La silhouette assise à même le sol se livre dans la faible lueur de la sombre cabane de 10m2. Huit adultes et six enfants s’y entassent religieusement. Je suis assis en retrait, je filme. La mère aux pieds nus, tatouée, fièrement vêtue d’une robe traditionnelle bariolée, debite sa vie d’antan, son quotidien, sa fuite, son périple, son arrivée et sa vie dans le camp…petit à petit, la voix de notre interprète est moins assurée, elle tremble. L’émotion nous submerge, nos corps se crispent au rythme de son récit. Un silence assourdissant envahit la pièce. Il est déchiré par les pleurs du bébé allongé dans son couffin suspendu bercé par la gamine. A côté, la grand-mère asséchée aux yeux rougis a le verbe sybillin. Du linge aux couleurs chatoyantes décorent la pièce.
Sa maison a été détruite. Son mari a été battu à mort par les militaires. Ses deux frères et trois de ses cinq enfants ont été brûlés par les moines bouddhistes. Avant de pouvoir fuir, elle a été violée dans son village et a mis au monde cet enfant dans le camp.
Je vacille, je perds pied, j’interromps les confidences. Je tombe la caméra, je me lève, je titube jusqu’au jardin. La main posée sur le tronc du premier arbre, je cherche avidement l’air, la lumière. Mes yeux absorbent enfin le soleil, la lumière me fouette, l’air me calme et je reviens de ce cauchemar. Les pieds de tomates rouge vif et les salades vert éclatant jouxtent le canal, irriguant les petits jardins. Ce tableau de couleurs contraste avec la couleur du sol, une terre marron, visqueuse et pétrie par les pluies de la mousson. Le calme intérieur a repris son droit, le silence est rythmé par le Muezzin.

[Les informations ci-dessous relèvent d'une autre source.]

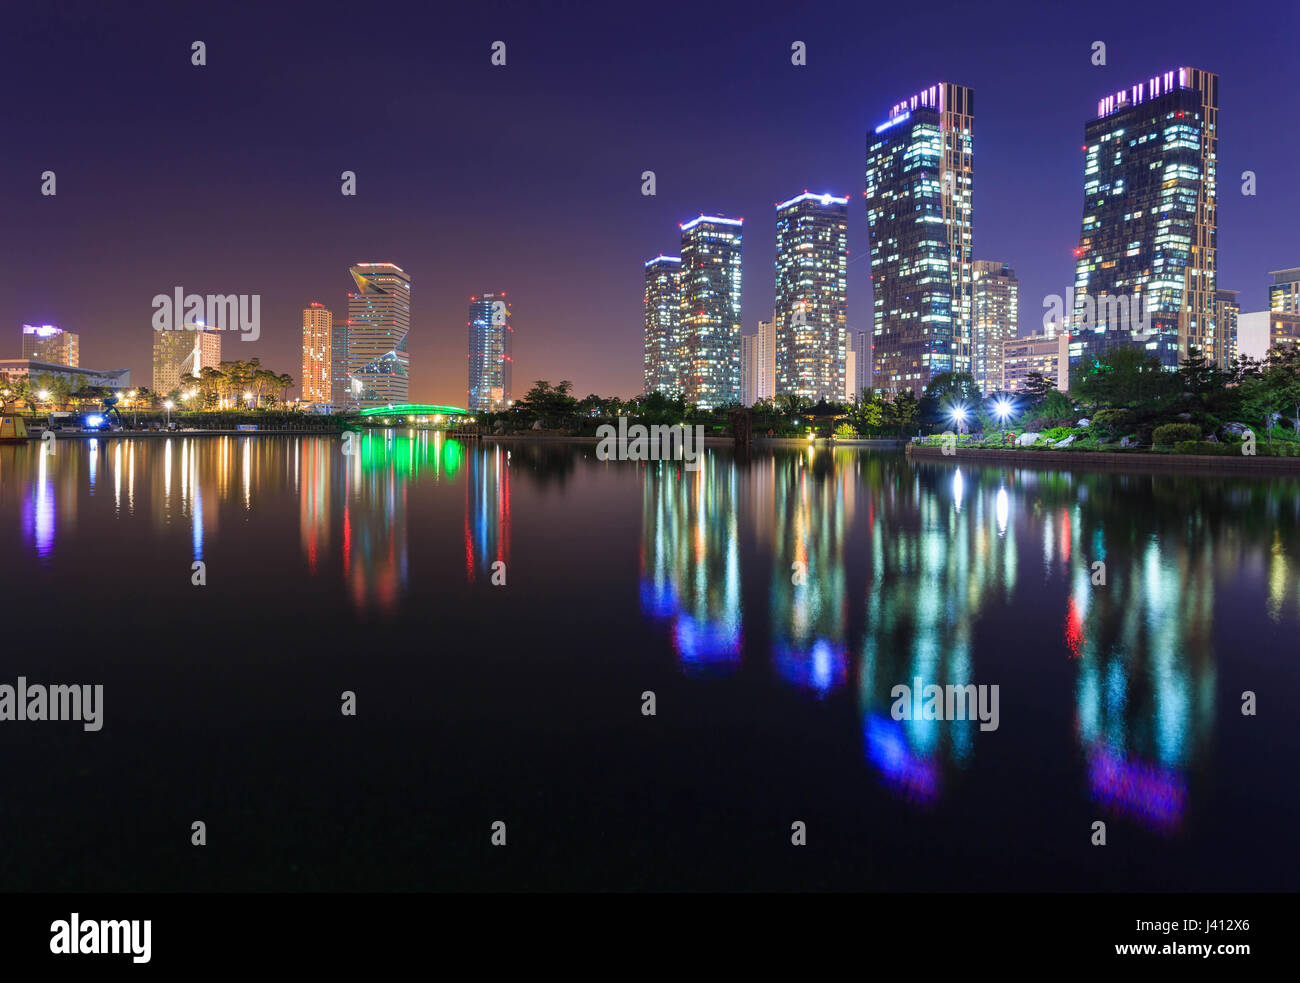 Songdo Central Park in Songdo International Business District, Incheon South Korea. Stock Photo

C’est coloré mais c’est une prison.
Je m’abandonne sur une banquette de bus admirant le camp s’étendre à perte de vue. Le ciel bleu baigné d’une légère brise vient adoucir la chaleur suffocante. Mes paupières se ferment. Des cris, des rires, et je découvre surpris des enfants joueurs. Certains courent derrière une jante rouillée un bâton à la main, d’autres se vautrent dans un bac à terre pour un tournoi de billes.
Leur maison, c’est leur cabane; leur raison, ce sont leurs billes.